У одного из квартирантов - Стюарта Моллисона - был хороший тенор, и в свободное время он выступал на разных концертах. В пансионе же он пел просто ради удовольствия. При встрече с нами в коридоре он иногда разражался арией, не забывая принять позу оперного артиста. Он обязательно исполнял какой-нибудь куплет, когда мы садились завтракать, а по вечерам пел нам под аккомпанемент своей жены-пианистки. Он был весел, всегда улыбался и относился к своему голосу как к доброму другу, с которым не хотел бы расстаться ни за что на свете.
Миссис Моллисон обычно только аккомпанировала мужу и никогда не играла для нашего развлечения, но вот Мэми Фультон занималась музыкой "всерьез", и при некоторой настойчивости ее можно было уговорить "исполнить" на пианино ту или иную музыкальную пьесу. При этом она всегда заранее извинялась за плохую игру, ссылаясь на то, что еще недостаточно разучила вещь, или на то, что она не в настроении. Затем она чаще всего называла один этюд Шопена. Я как-то сказал ей, что это произведение выражает в музыке то, что я хотел бы выразить словами, и она часто играла его. Вещь посвящалась мне.
За столом Мэми сидела рядом со мной и неизменно одаряла меня двумя улыбками - одной, когда садилась за стол, и другой, когда вставала из-за стола. Ей было лет двадцать с чем-то, она была излишне полна, с кудрявыми темными волосами, с застенчивыми глазами. Платья никогда не сидели на ней хорошо. Одежда и обувь были всегда ей малы - покупая, она обычно называла размер номером меньше, чтобы показаться изящнее, чем была на самом деле.

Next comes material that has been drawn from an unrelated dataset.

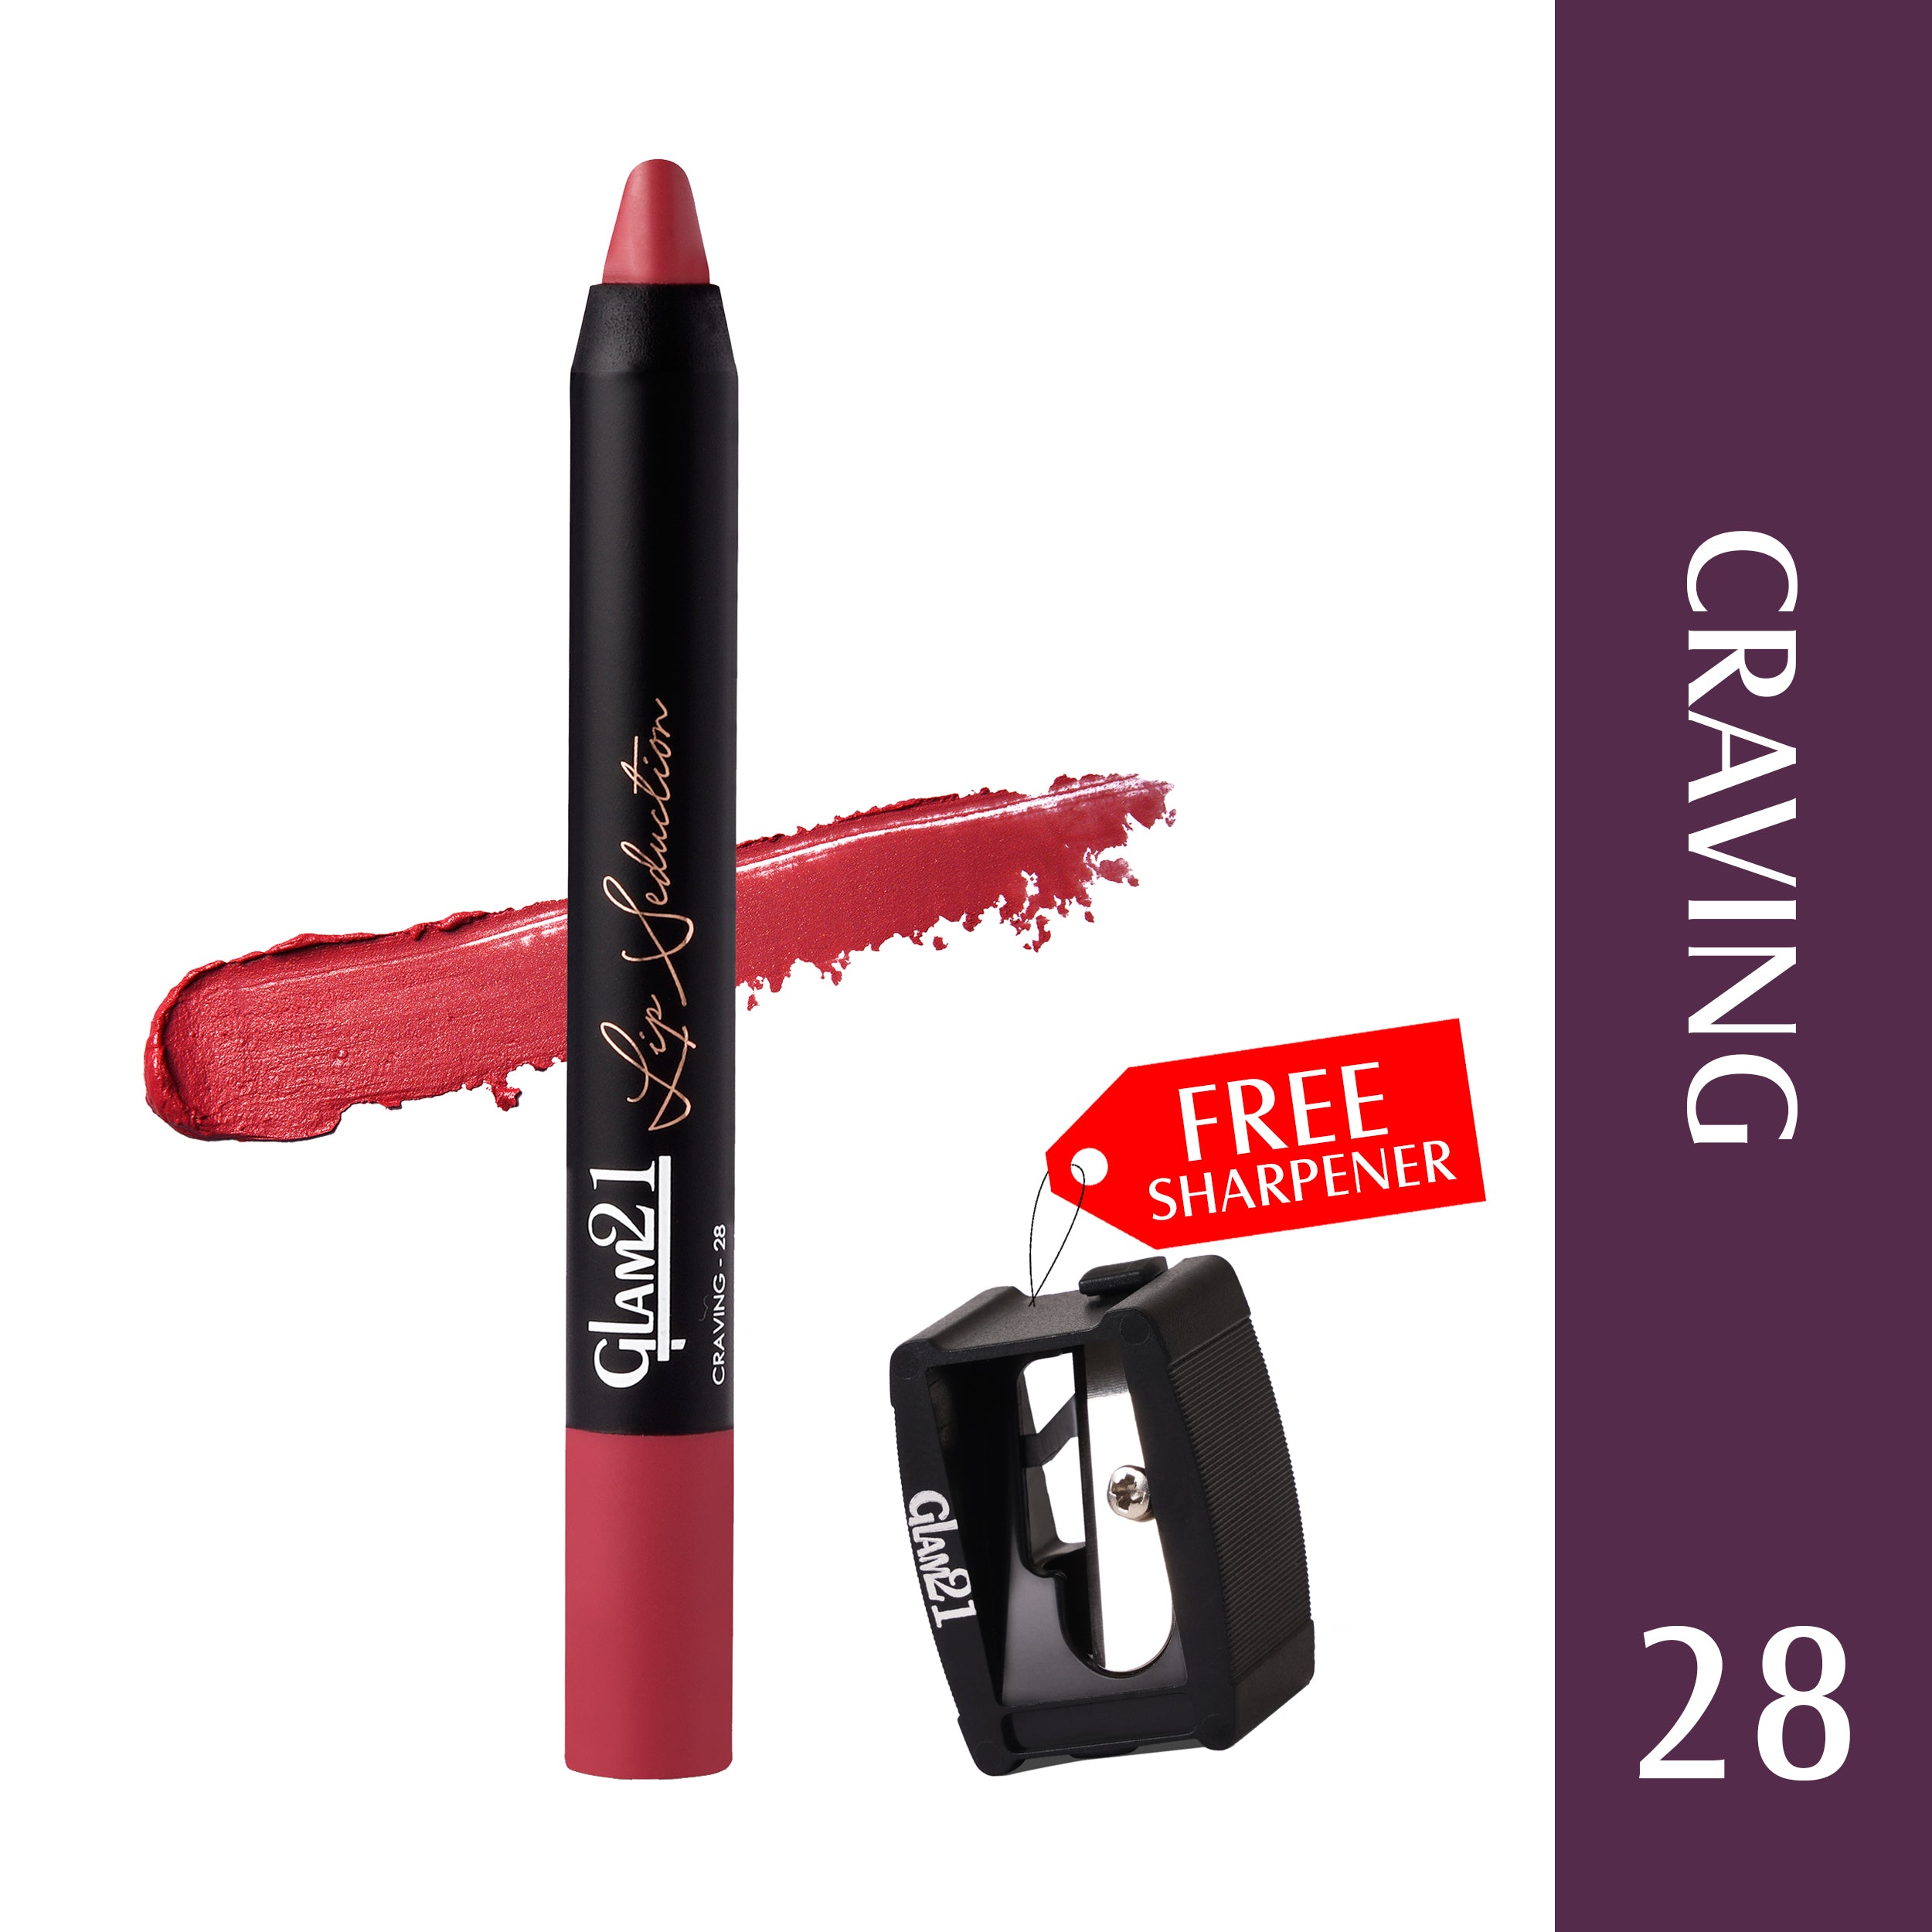 Glam21 Lip Seduction Non-Transfer Crayon Lipstick | Longlasting Creamy Matte Formula (Carving-28, 2.8 g)

Она была бы вполне счастлива, если бы не заботы о своей внешности, отравлявшие ей жизнь. В гостиной она выбирала кресло с высокими подлокотниками, которые скрывали бы ее полноту. Предпочитала темные уголки и делала все, чтобы не привлекать к себе внимания.
Малейший намек на полноту заставлял ее мучительно краснеть. Временами она переходила на специальную диету и в эти дни съедала за обедом лишь немного мяса и овощей; затем следовала минута болезненной нерешительности, после чего она украдкой брала с блюда кусок сладкого пирога и поспешно с ним расправлялась.
- Да, Алан, вам не так-то легко будет добиться успеха, - заметила она как-то вечером, когда я признался ей, что деньги интересуют меня очень мало.
Ей не нравился мистер Бурмейстер - швейцарец по рождению и скрипач. У него были седые усы, он был хорош собой и с восторгом отзывался о прекрасных фигурах австралийских девушек. Зато ей нравился мистер Гулливер, - он тоже "всерьез" играл на пианино. Женщины его не интересовали. "Моя единственная страсть - музыка", - сказал он как-то, обмениваясь понимающим взглядом с Мэми.